(n.) One of the peculiar dermal appendages, of several kinds, belonging to birds, as contour feathers, quills, and down.
(n.) Kind; nature; species; -- from the proverbial phrase, "Birds of a feather," that is, of the same species.
(n.) The fringe of long hair on the legs of the setter and some other dogs.
(n.) A tuft of peculiar, long, frizzly hair on a horse.
(n.) One of the fins or wings on the shaft of an arrow.
(n.) A longitudinal strip projecting as a fin from an object, to strengthen it, or to enter a channel in another object and thereby prevent displacement sidwise but permit motion lengthwise; a spline.

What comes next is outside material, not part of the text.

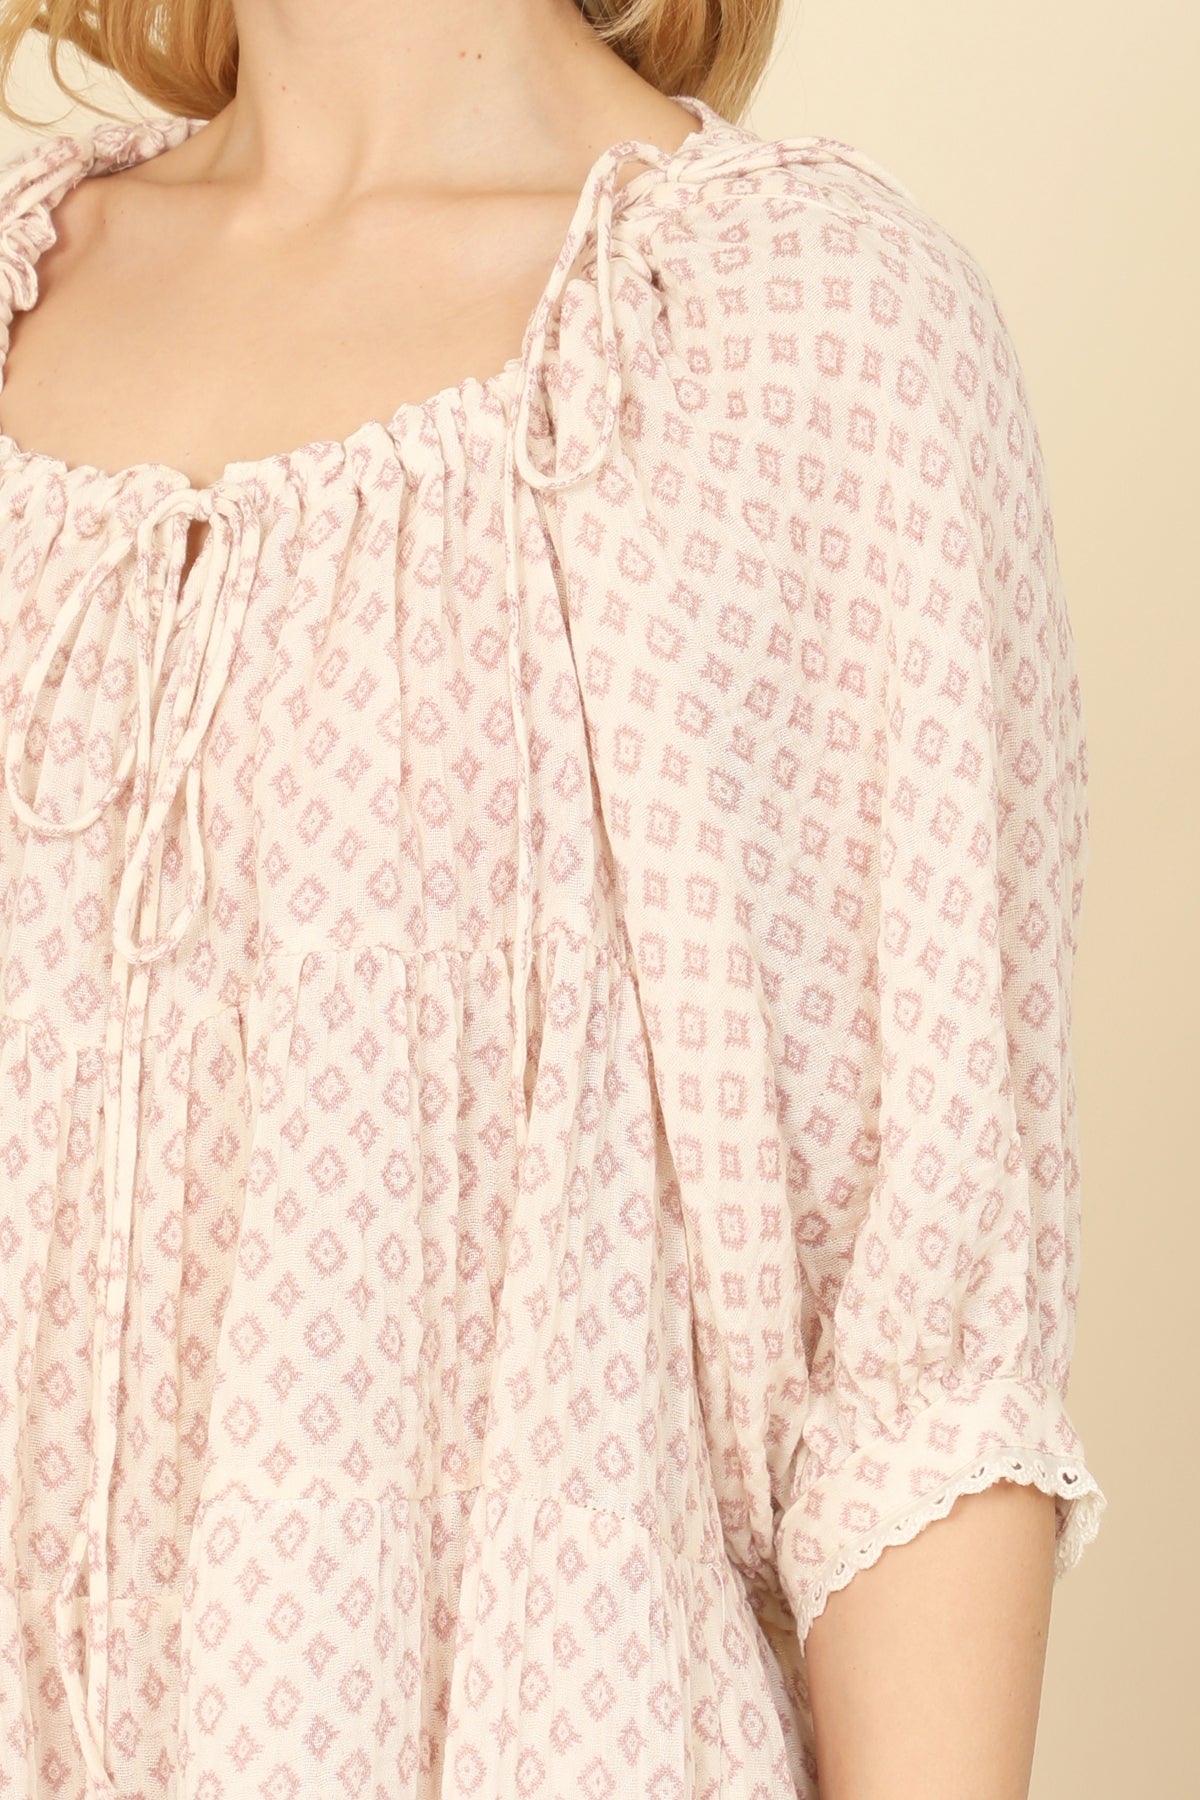 MAUVE CREAM PRINTED HALF PUFF SLEEVE BABYDOLL DRESS 2-2-1 (NOW $5.75 ONLY!)

(n.) A thin wedge driven between the two semicylindrical parts of a divided plug in a hole bored in a stone, to rend the stone.
(n.) The angular adjustment of an oar or paddle-wheel float, with reference to a horizontal axis, as it leaves or enters the water.

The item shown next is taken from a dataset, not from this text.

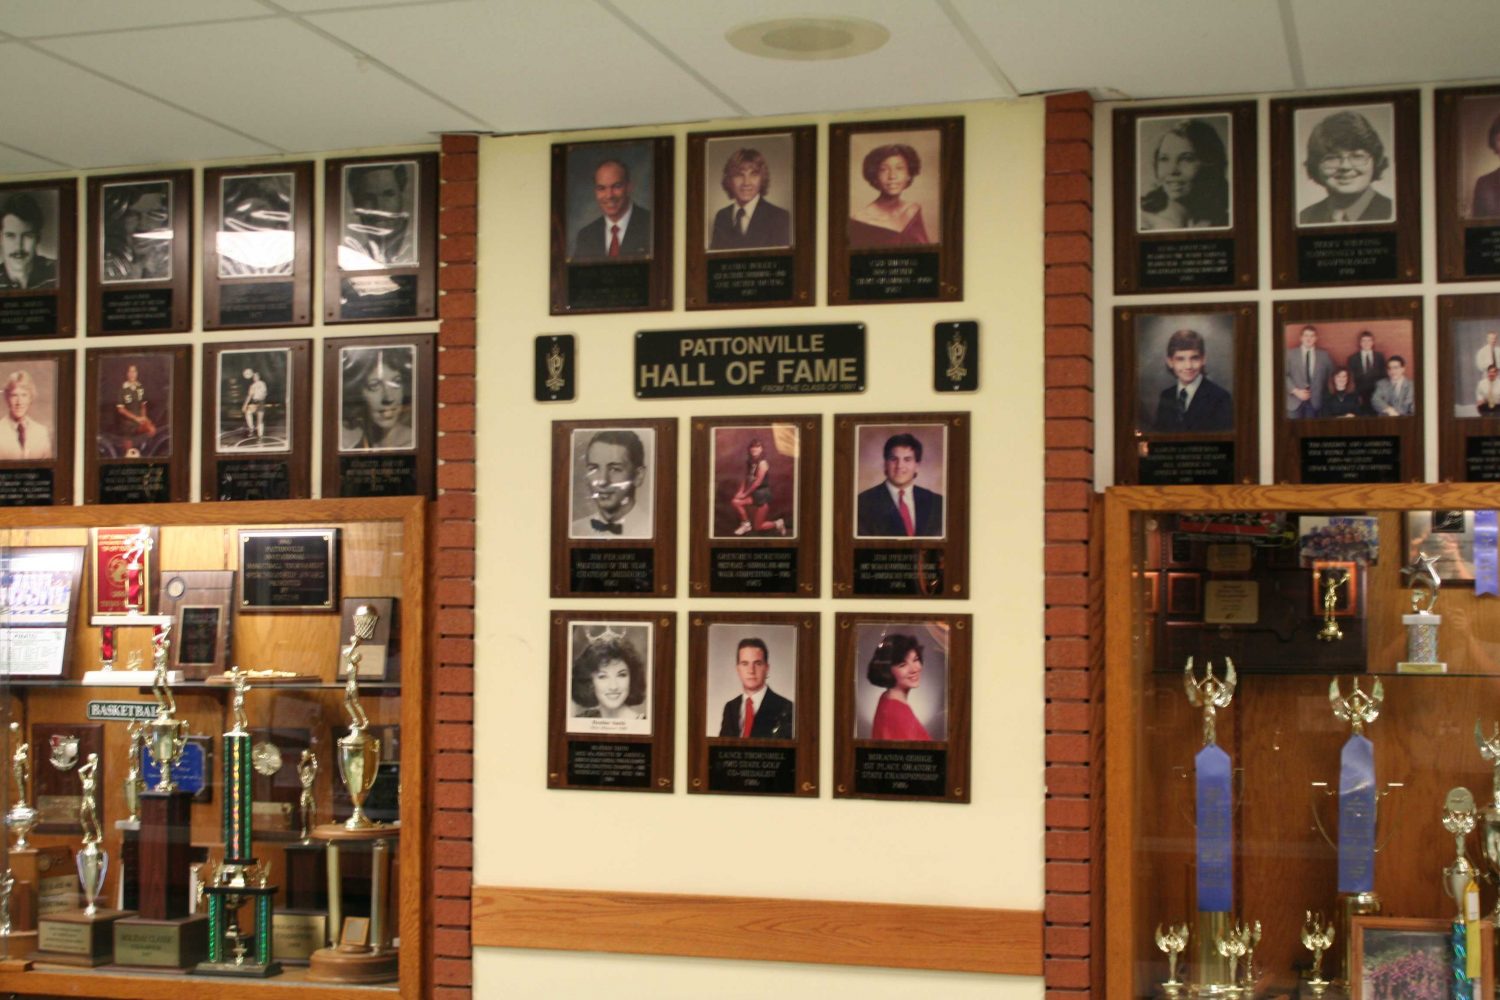 The wall includes pictures of notable alumni and trophies and awards.

(v. t.) To furnish with a feather or feathers, as an arrow or a cap.
(v. t.) To adorn, as with feathers; to fringe.
(v. t.) To render light as a feather; to give wings to.
(v. t.) To enrich; to exalt; to benefit.
(v. t.) To tread, as a cock.
(v. i.) To grow or form feathers; to become feathered; -- often with out; as, the birds are feathering out.

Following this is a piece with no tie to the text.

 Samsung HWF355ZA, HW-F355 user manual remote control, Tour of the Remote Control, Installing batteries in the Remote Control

(v. i.) To curdle when poured into another liquid, and float about in little flakes or "feathers;" as, the cream feathers
(v. i.) To turn to a horizontal plane; -- said of oars.
(v. i.) To have the appearance of a feather or of feathers; to be or to appear in feathery form.
Example Sentences:
(1) These studies indicate that at each site of induction during feather morphogenesis, a general pattern is repeated in which an epithelial structure linked by L-CAM is confronted with periodically propagating condensations of cells linked by N-CAM.
(2) Sexually mature males have long, 'feathered' tails as compared with females.
(3) HVT-specific immunofluorescent antigen was detected in the feather follicle epithelium (FFE) and in the surface layer of the skin epidermis.
(4) This is a team who have found their feet after that winless group section, a side who have already seen off the much admired Croatia and who can ruffle the feathers of the hosts or the reigning world champions.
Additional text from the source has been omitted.